Jamala said that she was aware of the political component of her victory, but that’s not the way she wants it to be.

“I’m a musician, a songwriter,” she said. “All these things are not for me. Russia, Ukraine – all this squabbling, it’s out of place here.”

That’s a surprising attitude coming from the singer who represented the country suffering from Russia’s invasion with a song about “the strangers” who come to one’s house to kill.

It would have been a fitting viewpoint if Jamala performed at the Eurovision one of her light-hearted pop-jazz hits. But she entered the contest with a song about the deportation of Crimean Tatars by Soviet authorities, and did so two years after Russia, the Soviet Union’s successor, illegally stole Crimea and started the oppression of Crimean Tatars, forcing many of them to flee the peninsula again in a tragic historic recurrence.

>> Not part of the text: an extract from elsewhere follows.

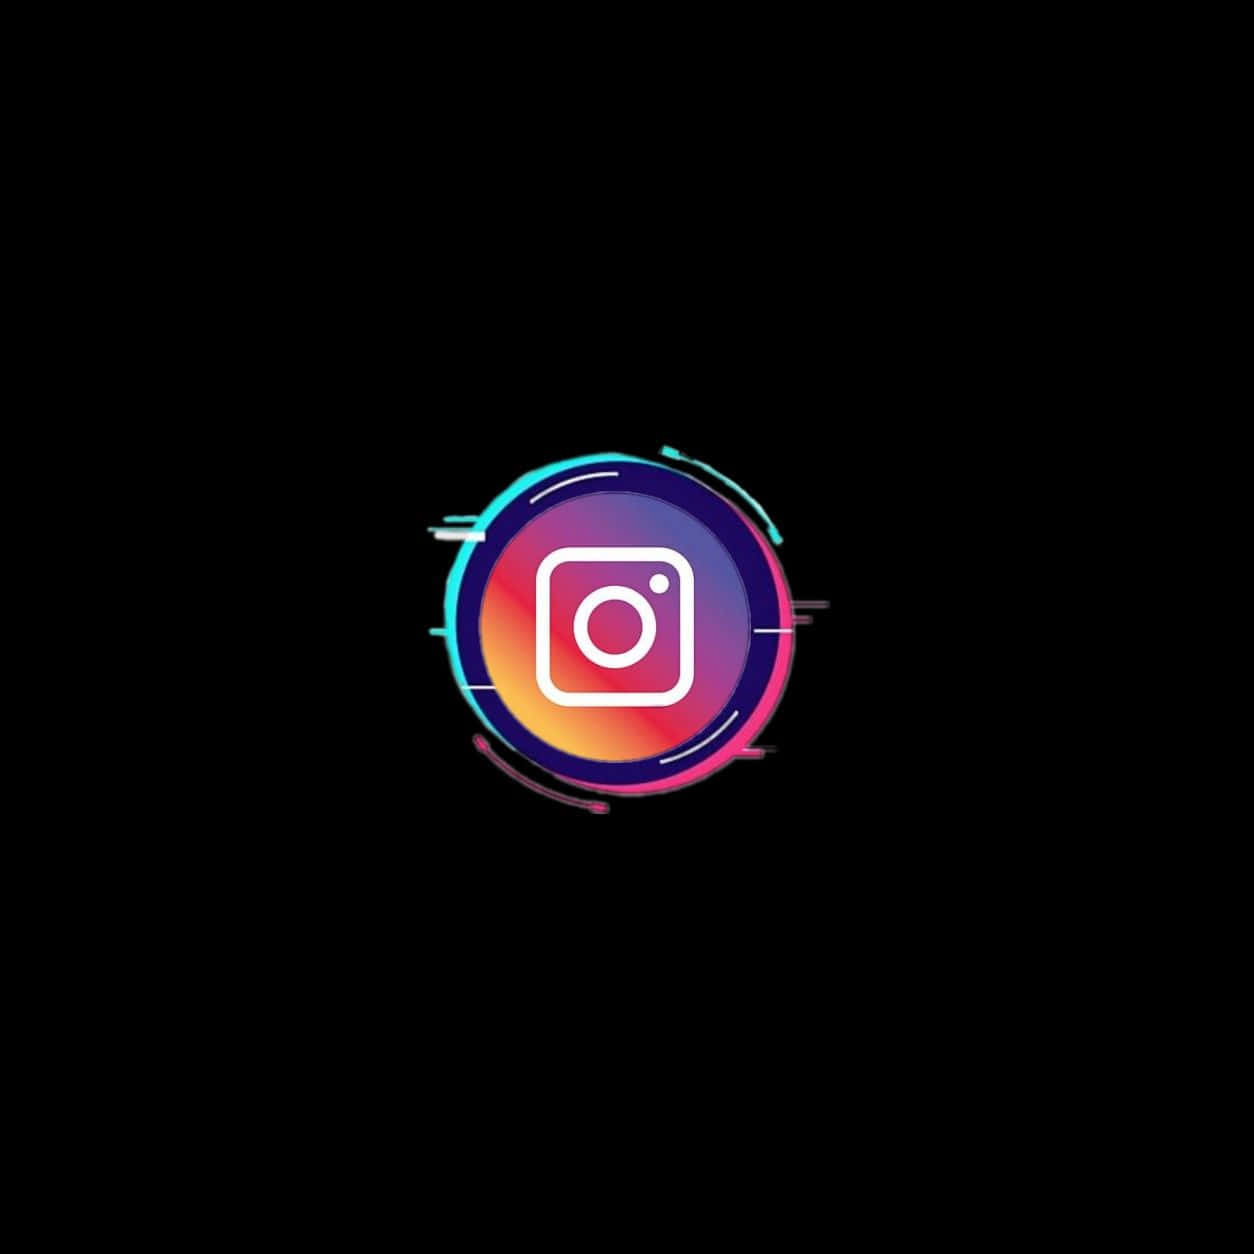 100+] Instagram Black Background s | Wallpapers.com

As the votes came in, Ukrainian viewers hardly cared about the quality of the songs. What was happening on the screen was a small yet sweet victory of Ukraine over Russia, symbolic revenge that came two years after Russia started its war against Ukraine.

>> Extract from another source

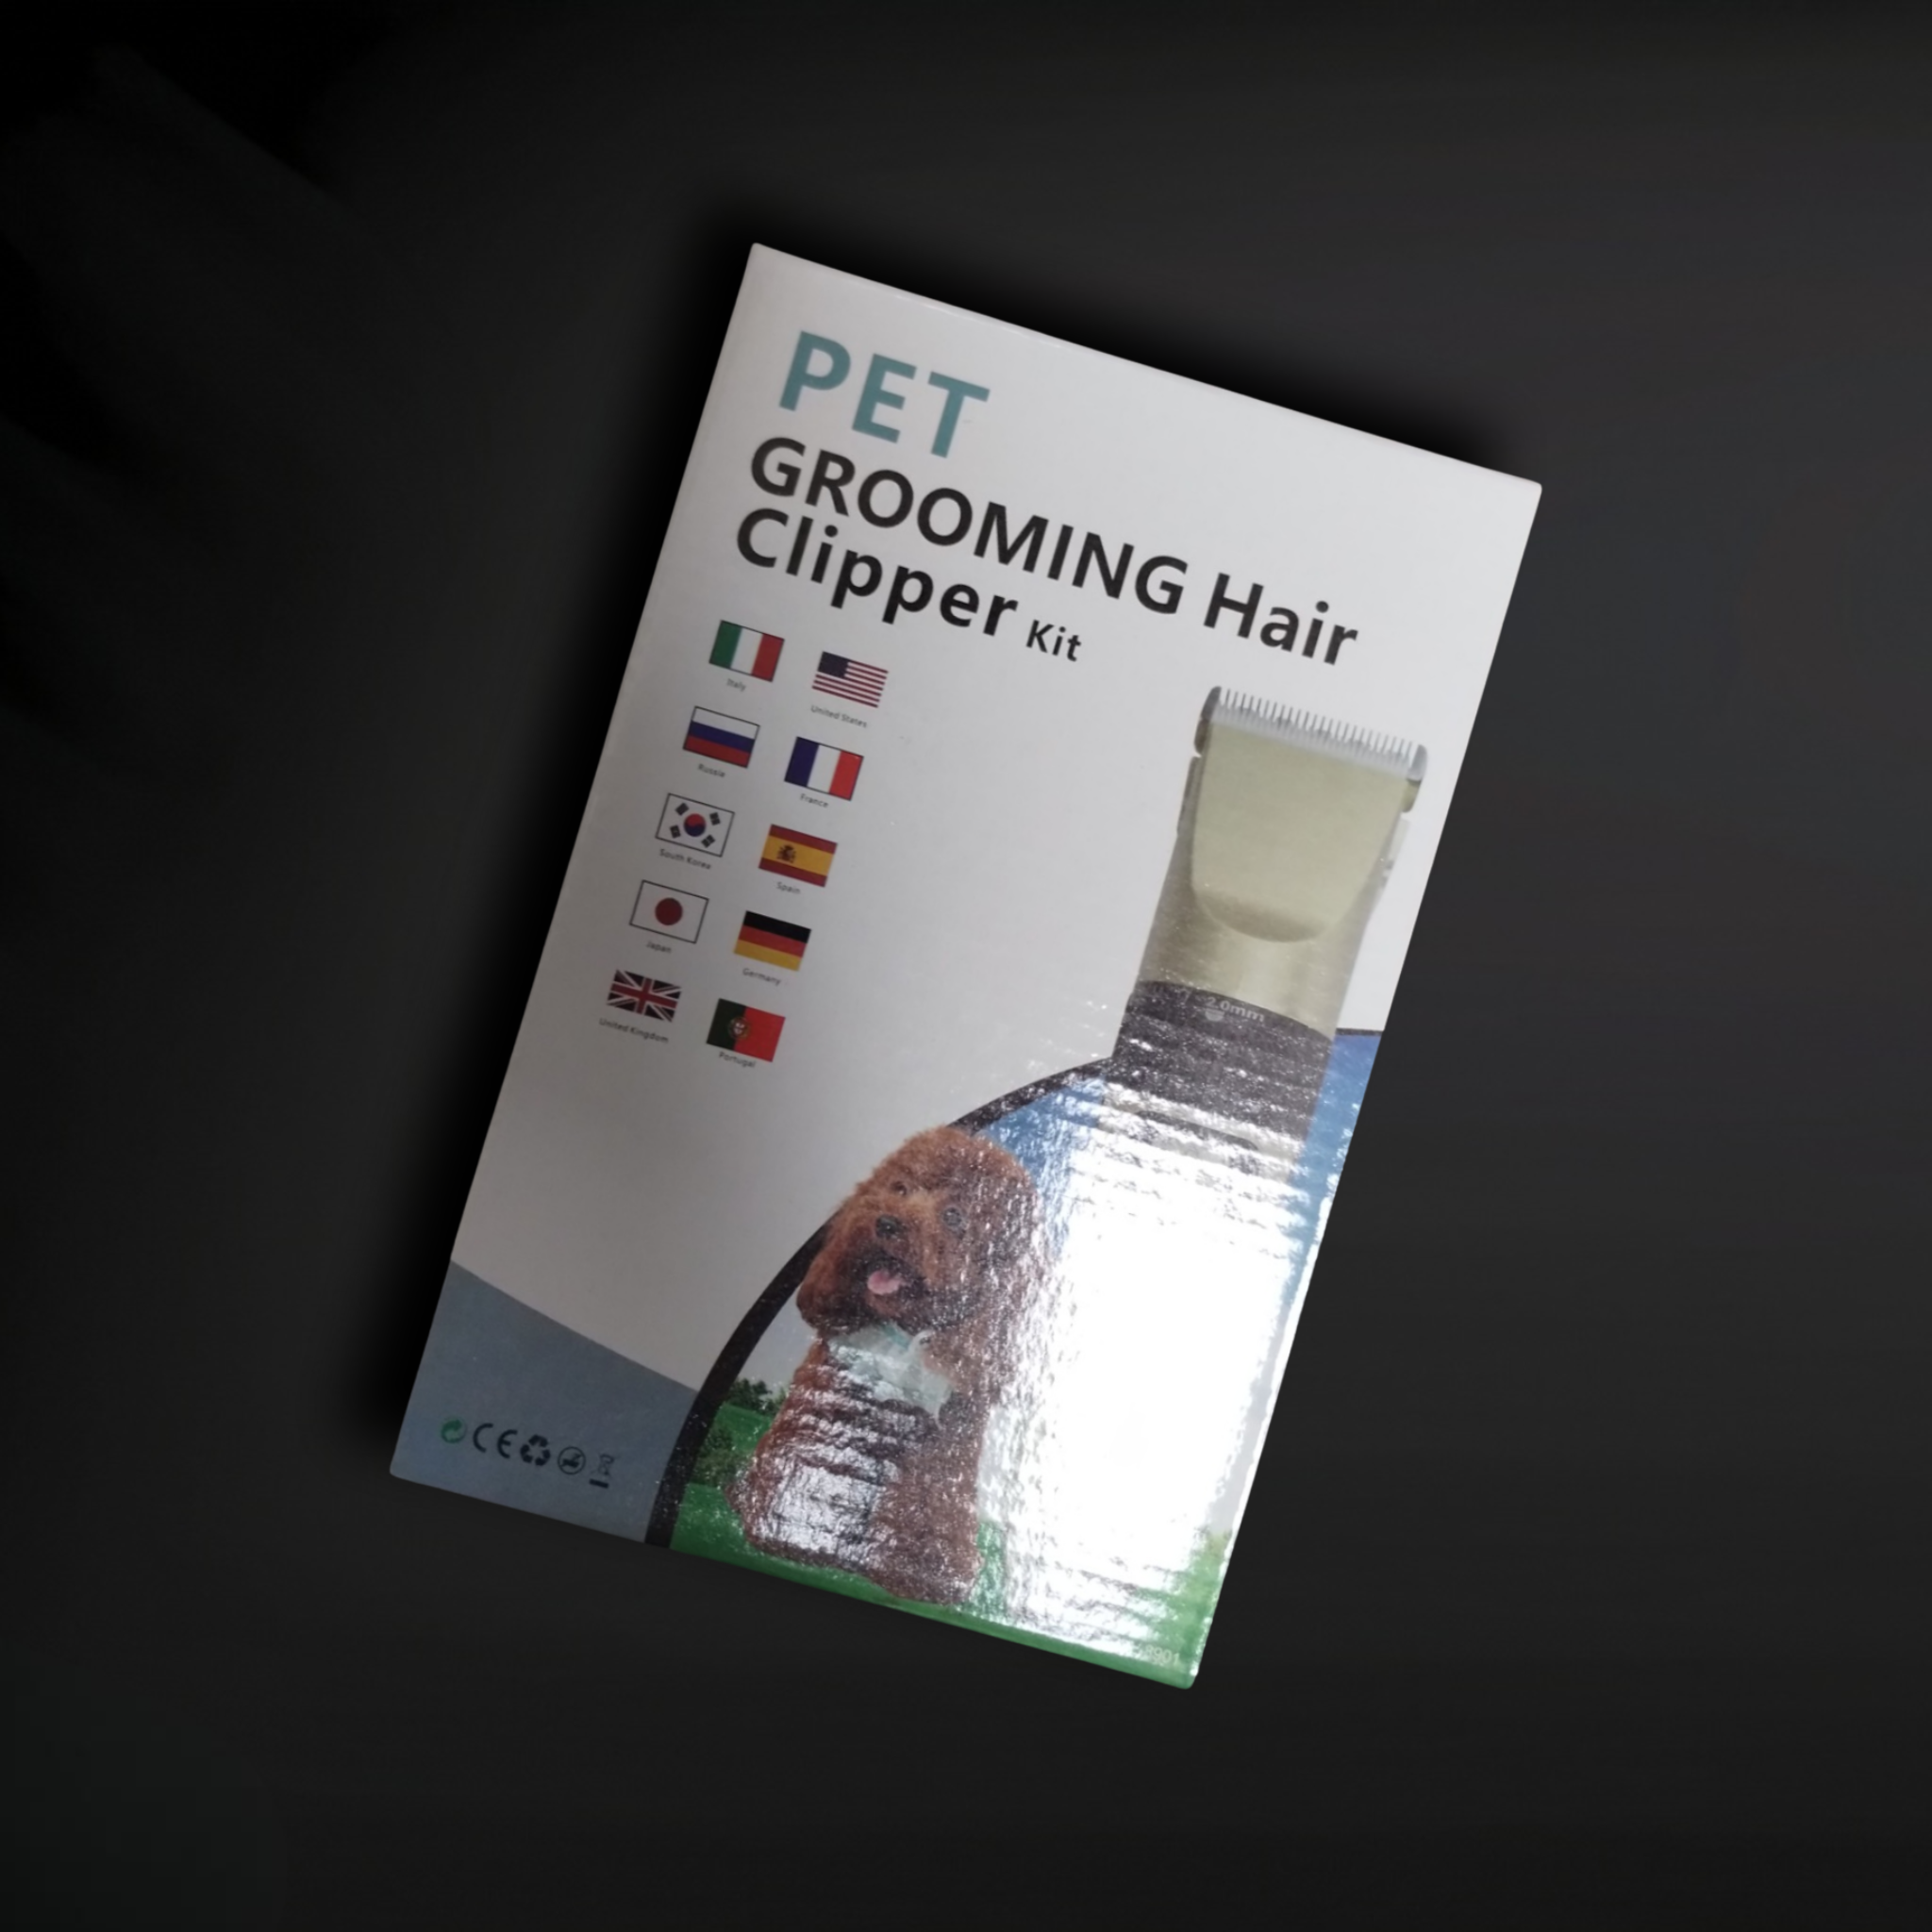 Pet Grooming HAIR Clipper Set

The politics, or as Jamala puts it, “squabbling,” was a component of her win. Eurovision, besides music, has always reflected politics.

As Ukraine analyst Timothy Ash has written: “For the Eurovision novices out there, a tip: it is not really about the songs. It is the one chance in the year when you find out what nations really think about each other.”

Denying the political angle isn’t just inaccurate. It minimizes that special night when a suffering nation found itself in unfamiliar position: As winners.